APOBEC3G Targets Specific Virus Species

Masayuki Kobayashi, Akifumi Takaori-Kondo,* Keisuke Shindo, Aierken Abudu, Keiko Fukunaga, and Takashi Uchiyama

Department of Hematology and Oncology, Graduate School of Medicine, Kyoto University, Kyoto, Japan

Received 15 October 2003/ Accepted 31 March 2004

Human APOBEC3G (huAPOBEC3G), also known as CEM15, is a broad antiretroviral host factor that deaminates dC to dU in the minus strand DNA of human immunodeficiency virus type 1 (HIV-1), other lentiviruses, and murine leukemia virus (MLV), thereby creating G-to-A hypermutation in the plus strand DNA to inhibit the infectivity of these viruses. In this study, we examined the antiretroviral function of a murine homologue of APOBEC3G (muAPOBEC3G) on several retrovirus systems with different producer cells. MuAPOBEC3G did not suppress the infectivity of murine retroviral vectors produced from human or murine cells, whereas it showed antiviral activity on both wild-type and {Delta}vif virions of HIV-1 in human cells. In contrast, huAPOBEC3G showed broad antiviral activity on HIV-1 and murine retroviral vectors produced from human cells as well as murine cells. These data suggested that muAPOBEC3G does not possess antiretroviral activity on murine retroviruses and has a different target specificity from that of huAPOBEC3G and that huAPOBEC3G works as a broad antiviral factor not only in human cells but also in murine cells. A functional interaction study between human and murine APOBEC3G supported the former hypothesis. Furthermore, studies on the expression of APOBEC3G in producer cells and its incorporation into virions revealed that muAPOBEC3G is incorporated into HIV-1 virions but not into MLV virions. Thus, muAPOBEC3G cannot suppress the infectivity of murine retrovirus because it is not incorporated into virions. We suggest that murine retroviruses can replicate in murine target cells expressing muAPOBEC3G because they are not targets for this enzyme.

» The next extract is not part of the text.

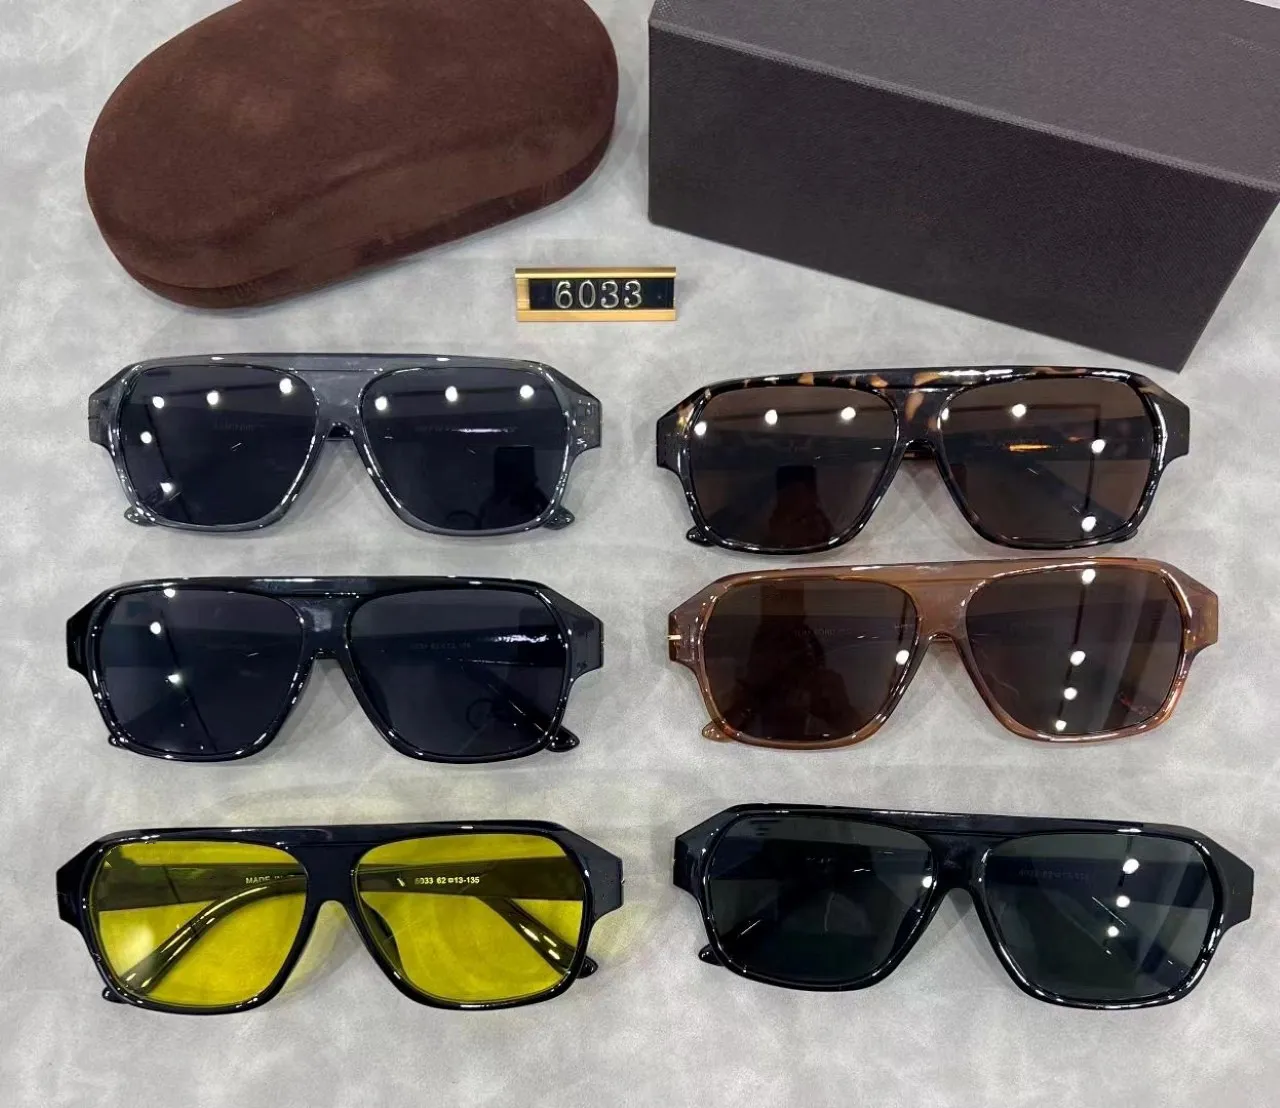 sunglasses for men women classic Summer Fashion Style Square metal and Plank Frame eye glasses UV Protection Lens 6033 Tom sunglasses

* Corresponding author. Mailing address: 54 Shogoin-Kawaracho, Sakyo-ku, Kyoto 606-8507, Japan. Phone: 81-75-751-3152. Fax: 81-75-751-4963. E-mail: atakaori{at}kuhp.kyoto-u.ac.jp.


Journal of Virology, August 2004, p. 8238-8244, Vol. 78, No. 15
0022-538X/04/$08.00+0     DOI: 10.1128/JVI.78.15.8238-8244.2004
Copyright © 2004, American Society for Microbiology. All Rights Reserved.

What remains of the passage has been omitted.